3. Haplotype analysis In the present invention, a haplotype can be constructed using SNP among the above-mentioned gene polymorphisms. The SNP to be subjected to haplotype analysis only needs to have a gene polymorphism frequency of 0.5% or more, preferably 1%, more preferably 5% or more. Further, the SNPs to be subjected to haplotype analysis may be all or a part thereof.

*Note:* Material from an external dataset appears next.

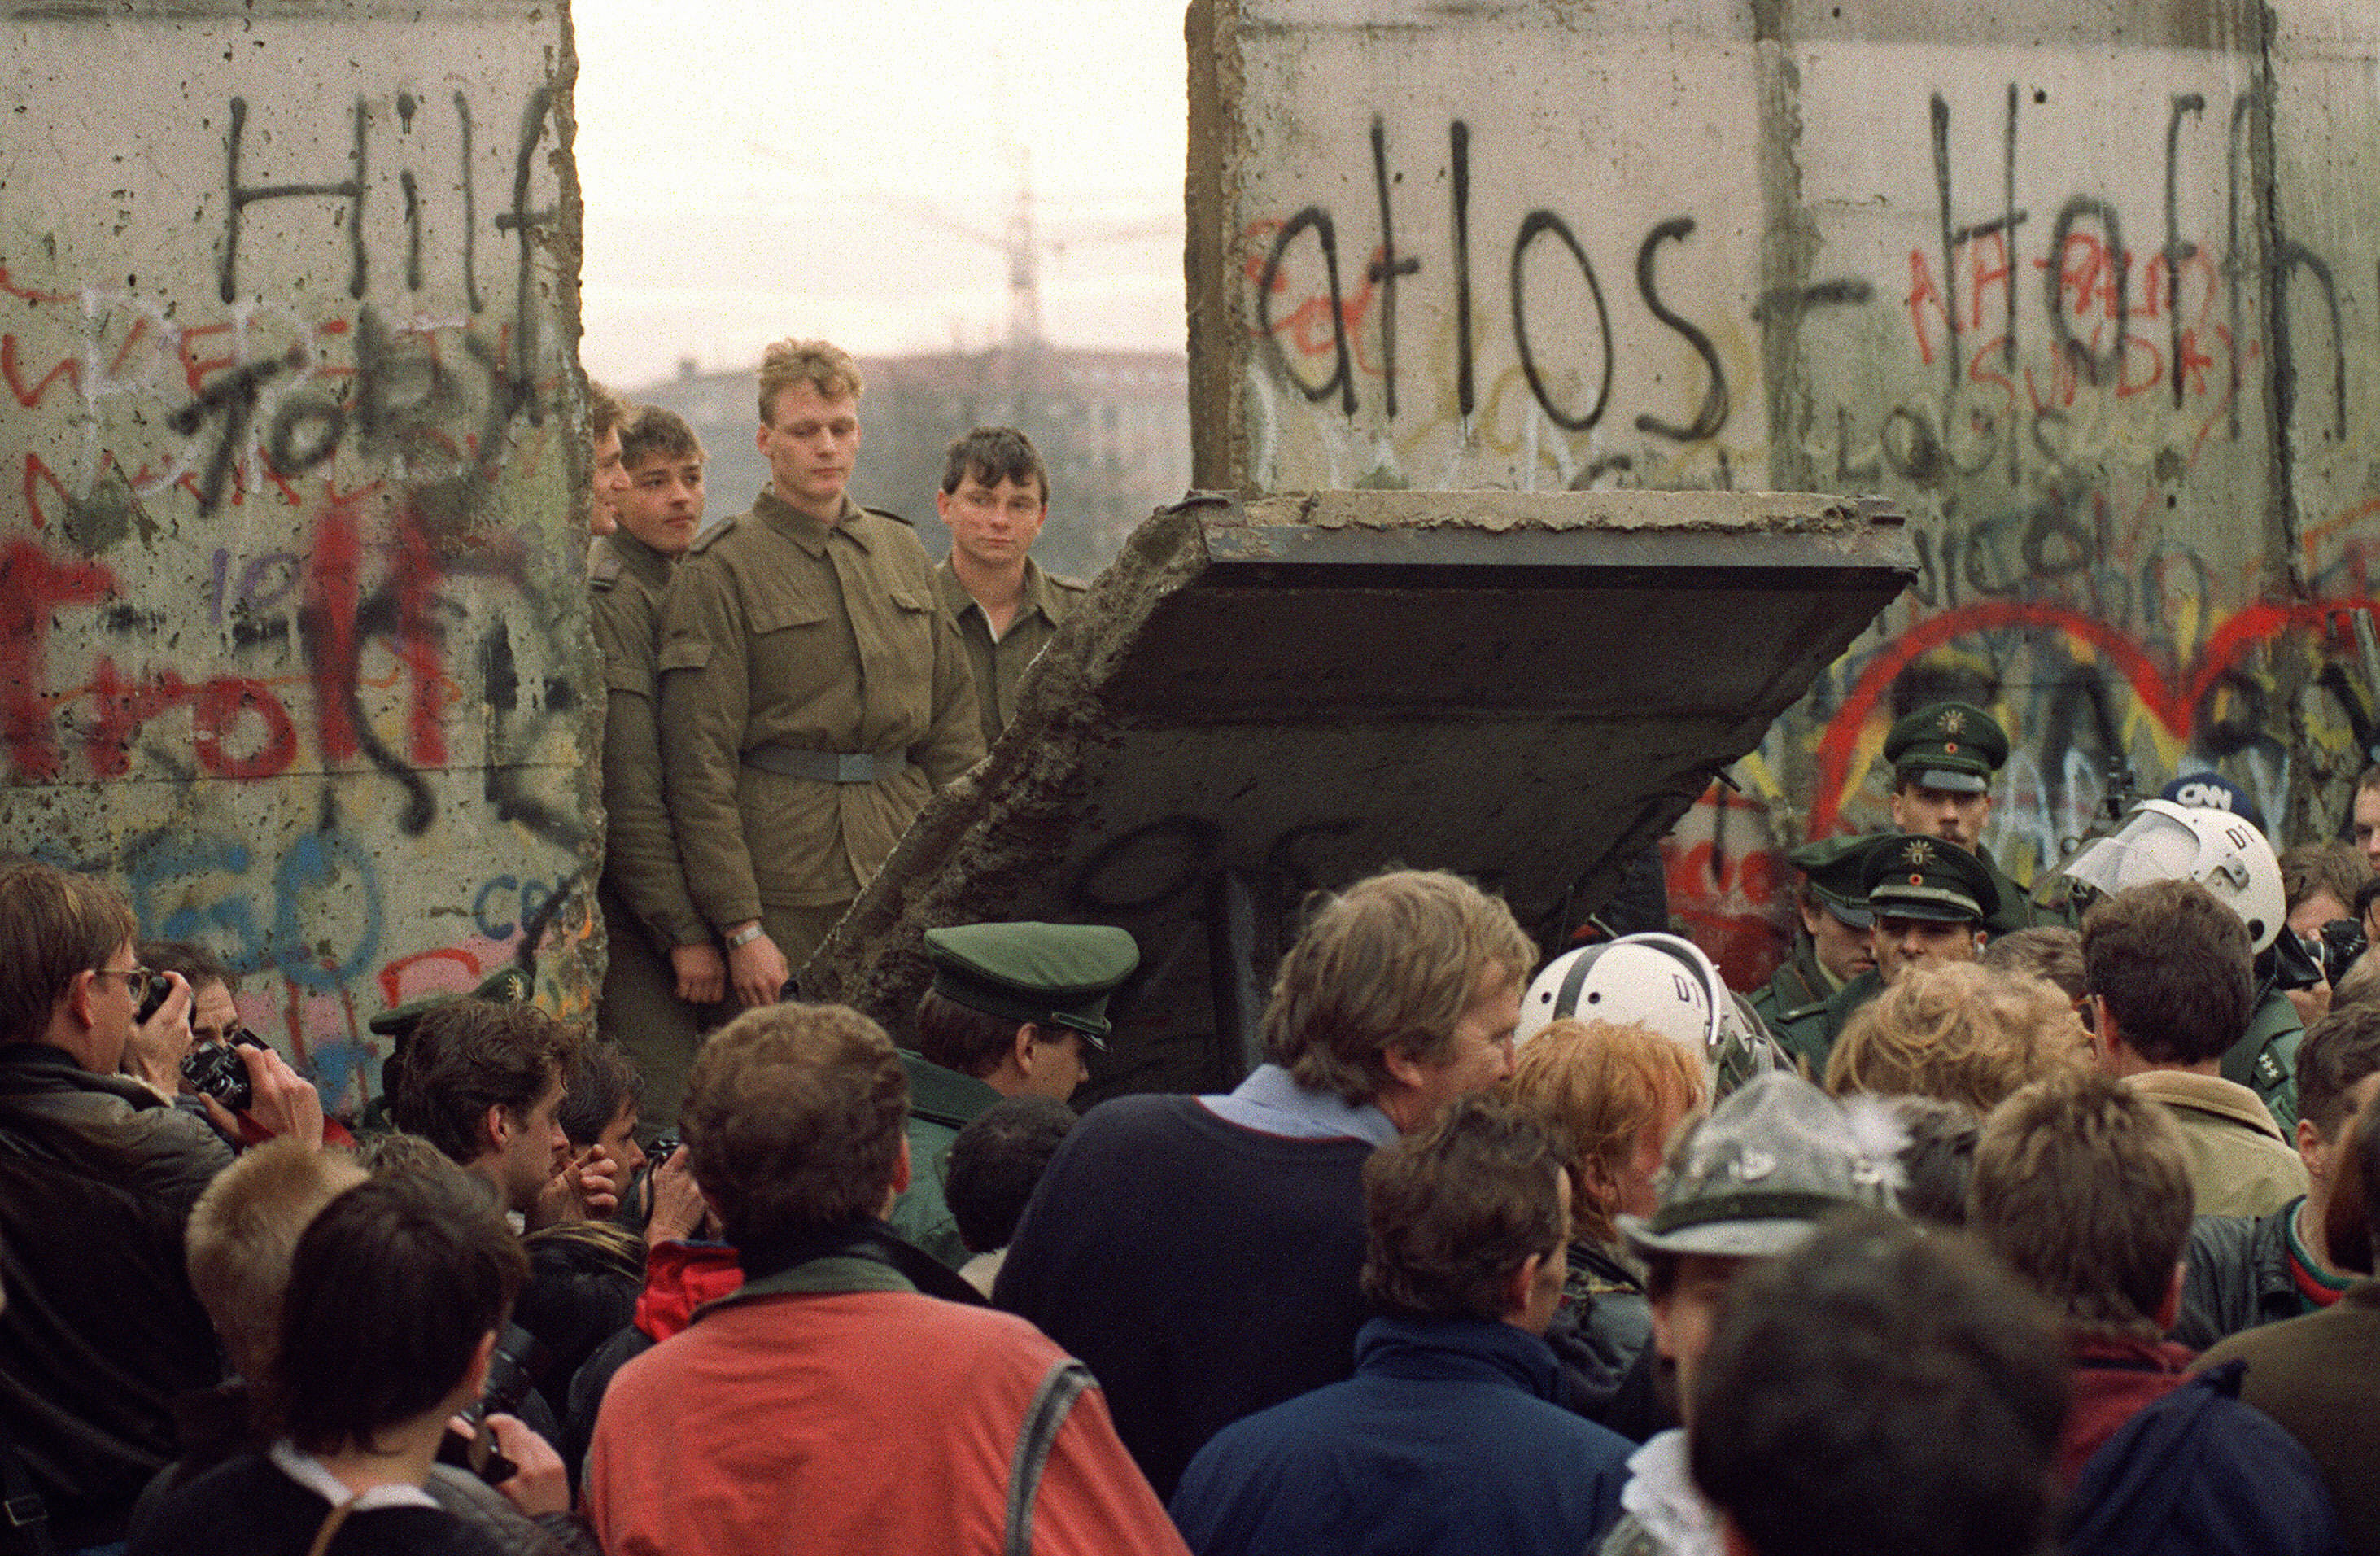 A crowd in front of the Berlin Wall on Nov. 11, 1989 watches border guards demolish a section of the wall in order to open a new crossing point between East and West Berlin in Germany. (AFP—AFP/Getty Images)

  Haplotype analysis can be analyzed by various computer programs, for example, available from the website of Haploview (http://www.broadinstitute.org/haploview/haploview (the same applies hereinafter); Barrett JC, Fry B , Maller J, Daly MJ. Haploview: analysis and visualization of LD and haplotype maps. Bioinformatics. 2005 Jan 15 [PubMed ID: 15297300] Whitehead Institute for Biomedical Research Cambridge, MA 02142, USA.).

  As an example of haplotype analysis, 2. Among the adrenergic receptor gene polymorphisms found in healthy Japanese, 24 SNPs that are ADRB2 subtype polymorphism, 12 SNPs that are ADRB1 subtype polymorphism, and ADRA2A subtype gene polymorphism Haploview was used to estimate haplotypes for 30 SNPs. The estimated haplotypes are shown in Table 5, Table 6A, and Table 6B, respectively.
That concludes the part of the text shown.